There are so many great opportunities opening up in so many ways. Perhaps the popping sound you can almost hear is not just the popping of unsustainable bubbles, but also the popping open of new space and possibility :)
Ryan, thanks for this reminder. Seeing so many good people showing up here, and watching Obama's town hall in Strasbourg today, are also good medicine. It seems that holding allegiance to openness and what is possible is the only way to move forward with energy. At the same time, if we close off to the shakiness that is in us and all around us, we risk becoming subtly driven by fear and blindness. How to stand in the full force of the present moment without become paralyzed by the intensity? Intellectually I know the answer, but that doesn't seem to make it any easier.
What I see in my professional context in organisations is a lot of anxiety and fear, and leadership responding from the old paradigms. Trying to get into control, too much fear of letting go and a lack of use of the creative power of working-communities. I try not to judge and be open to the opportunities within the space that often really feels stuck.
When thinking about what I could do, it helps to 'look inside' and find out what I myself would long for in such situations....
For me it has to do with: providing a supportive container where I can have real conversations and make connections with others, where time is available and a feeling of belonging is present. These are the real human needs, I think, a lot of people feel something is lacking. My challenge is to try to help leaders and all other people in organisations to recognize this and to be honest to that need, and after that try to find ways to deal with the fear and anxiety together. It is rewarding to see something happening when this works out! The reward is in seeing people relax when they speak up from inside. This is what keeps me standing when I think about our world moving in this big shift.....
Coming from a healthcare perspective, I see stress and anxiety related illness on the rise. Depth of human relationship and purpose in life seems to be at the centre though we tend to treat prescriptively. Poverty has been identified as the main significant cause of health disparity,and yet I have seen that life purpose and love take people out of this equation. Victor Frankl wrote " It did not matter what we expected from life , but rather what life expected from us." I have found on my own journey, as I stop trying to control what is and begin to accept what is with a sense of curiosity and love, that I am experiencing less fear, more love and many profound moments. I am learning to sit in that sacred space of quiet presence and reflection to see what emerges. (Otto Scharmer's work). I have experienced a significant shift in the structures of my paradigm and as such a shift in the world around me. I think of butterfly wings, strange attractors and ripples and wonder if the true change to the big problems in the world are the small shifts in my own intentions. I have always thought in terms of the bigger world and felt overwhelmed so it is a shift for me to consider that world change might begin with seeming insignificance. As Gandi says 'Everything you do will be insignificant but it is important that you do it." I feel life asks me to be true to my values and purpose, which incidentally seem to have a way of shifting just when I think I have them pinned down. Yet it is all that I have. I share in your yearning to connect with friends and neighbours, and with others who are exploring ways of being in the world. And I, like you Ryan, love to dream in the world of Appreciative Inquiry! It has been the catalyst to wonderful changes in my life and work.
There are many nuggets that are both inspiring and practical in these posts. I love this last notion of "willing to be insignificant"which brings me back to a sense of simplicity and relaxation. And also Bart's comment about how people relax when given the chance to "speak up from the inside" even (or especially) when the culture isn't usually conducive.

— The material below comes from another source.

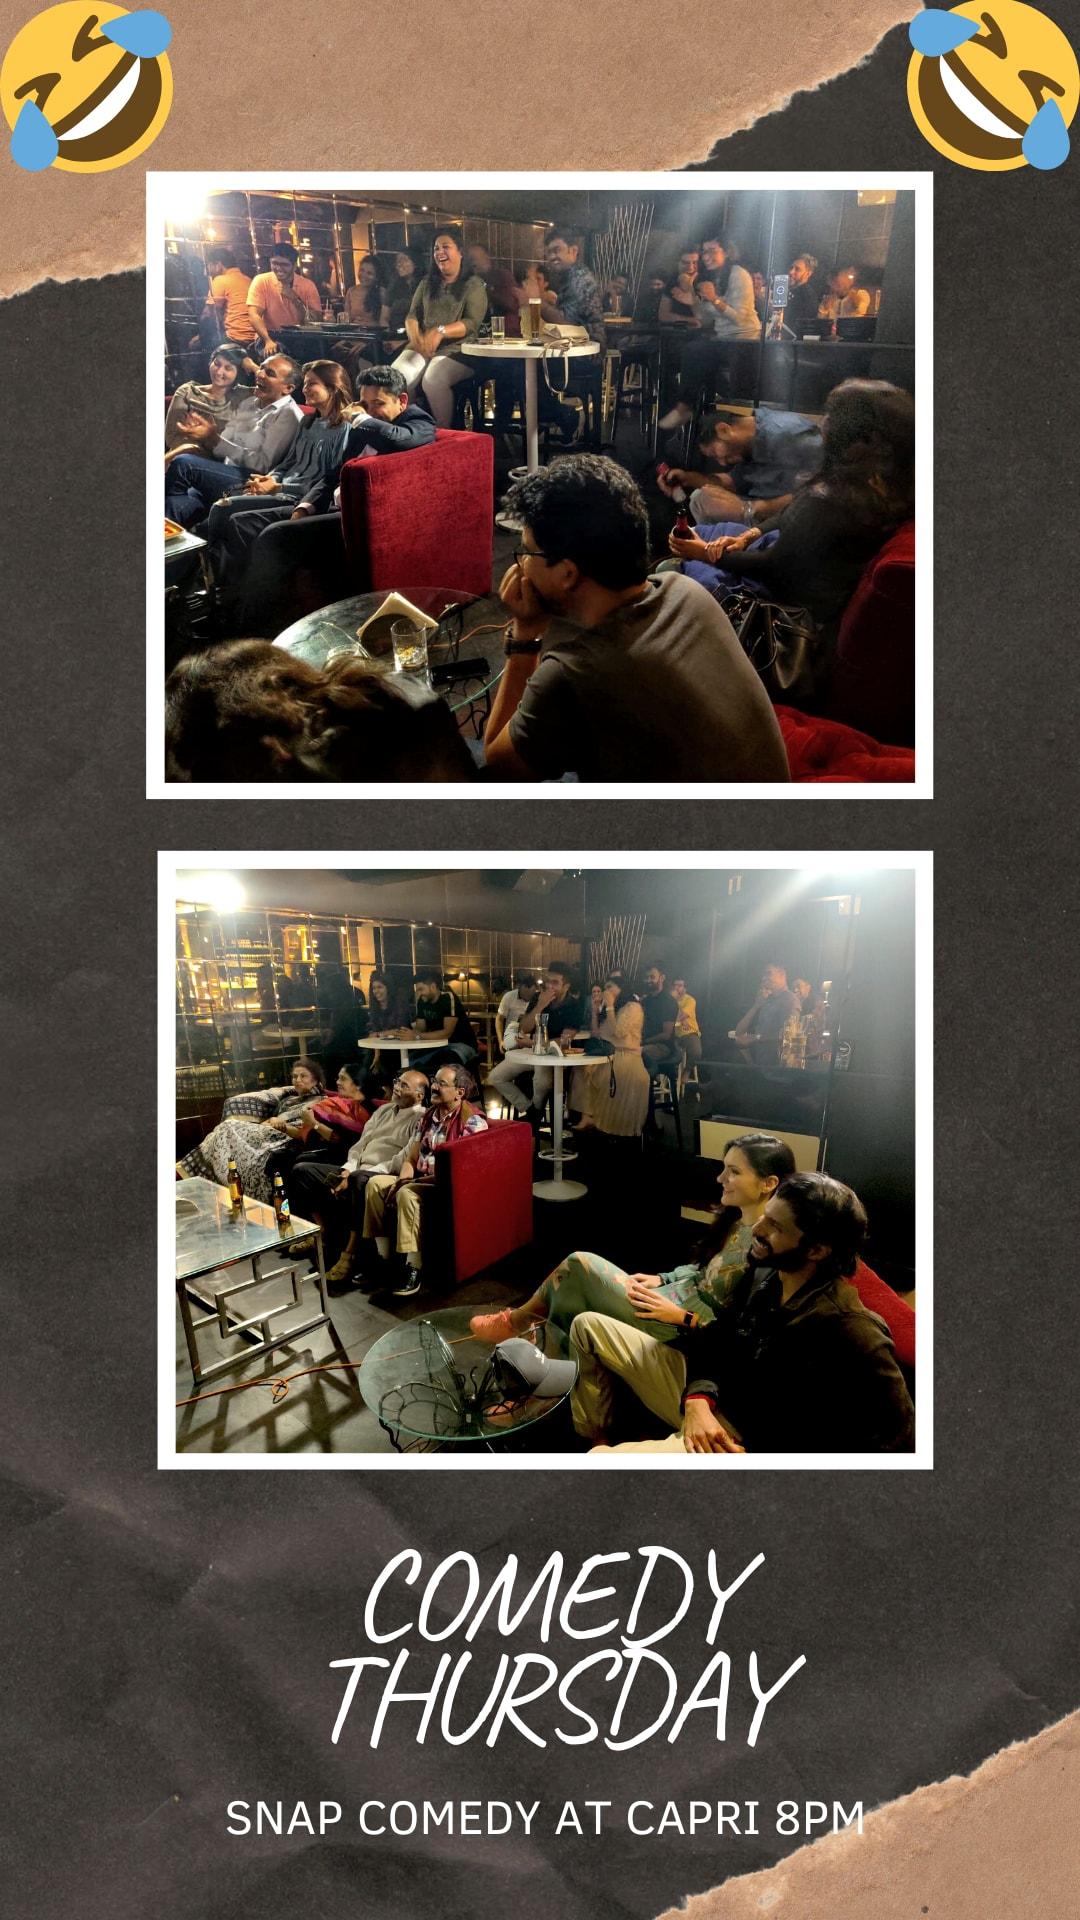 bangalore comedy thursdsay night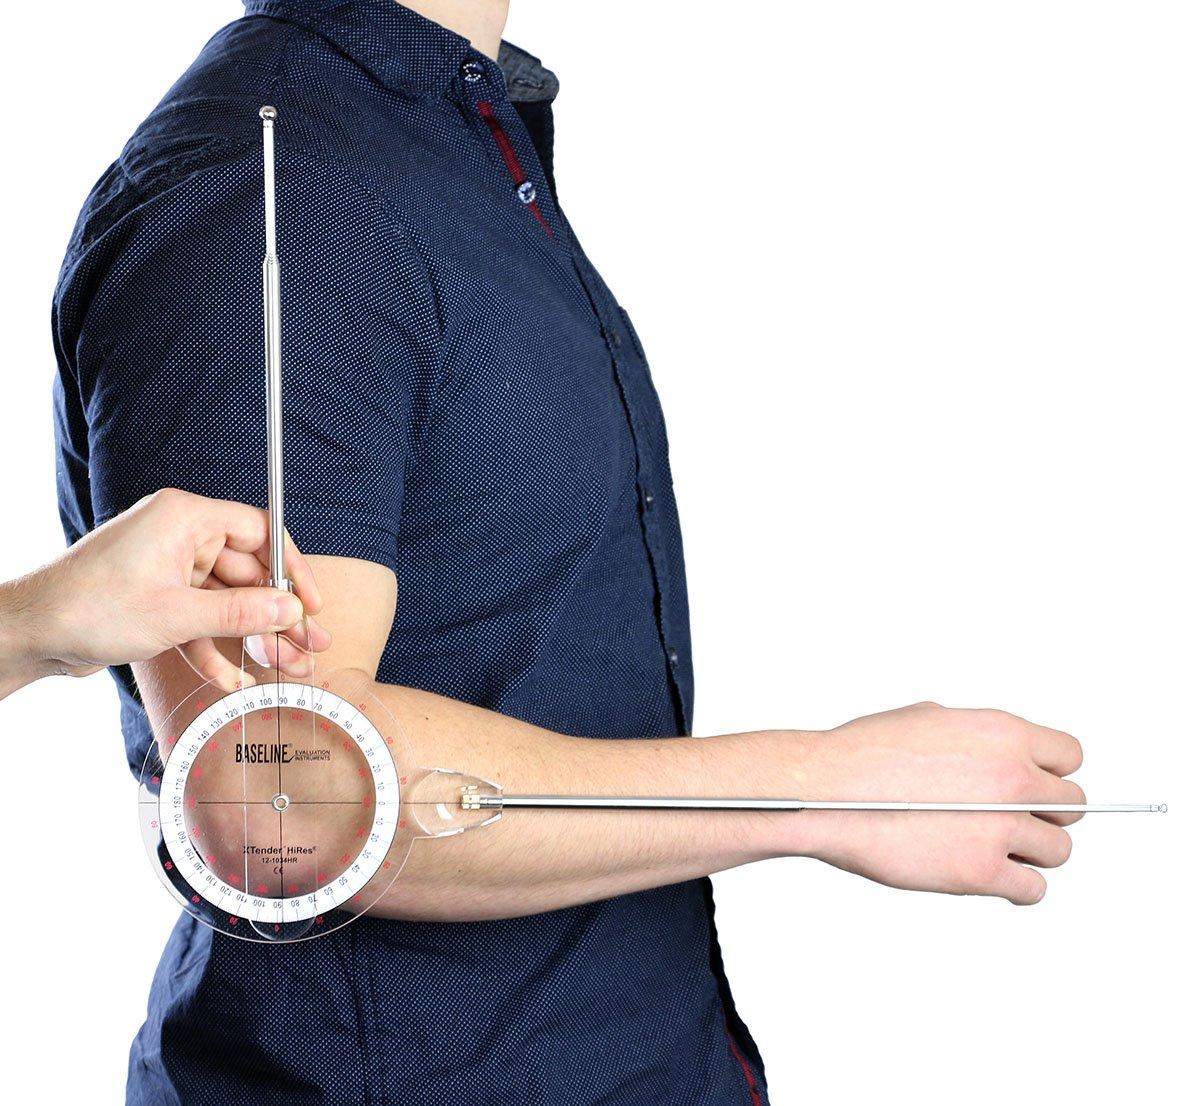 360 Degree Range Extendable Arms 9, 26 Baseline 12-1036 Extendable Goniometer

These days it's especially easy for leaders (not to mention all of us) to feel helpless, incompetent, or overwhelmed. Meg Wheatley's messages from the last decade or so (turning to one another, "whatever the problem, community is the answer"), are suddenly coming back to me with greater significance.

Over the past couple of days I have been in conversations with people engaged in social innovation initiatives and collaborations, and one theme has been the importance of having a community of practice. One person noted that she was missing a spiritual community she had recently left. We talked about the power of intentional communities, and also how they can also become inwardly focused or self-referential over time. How to keep our communities (including our work-related communities) fresh and vital while also having enough boundary to create a space for intimacy, shared meaning, learning, and challenge over time? This question is alive for me right now.
Susan Szpakowski said:
There are many nuggets that are both inspiring and practical in these posts. I love this last notion of "willing to be insignificant"which brings me back to a sense of simplicity and relaxation. And also Bart's comment about how people relax when given the chance to "speak up from the inside" even (or especially) when the culture isn't usually conducive.

These days it's especially easy for leaders (not to mention all of us) to feel helpless, incompetent, or overwhelmed. Meg Wheatley's messages from the last decade or so (turning to one another, "whatever the problem, community is the answer"), are suddenly coming back to me with greater significance.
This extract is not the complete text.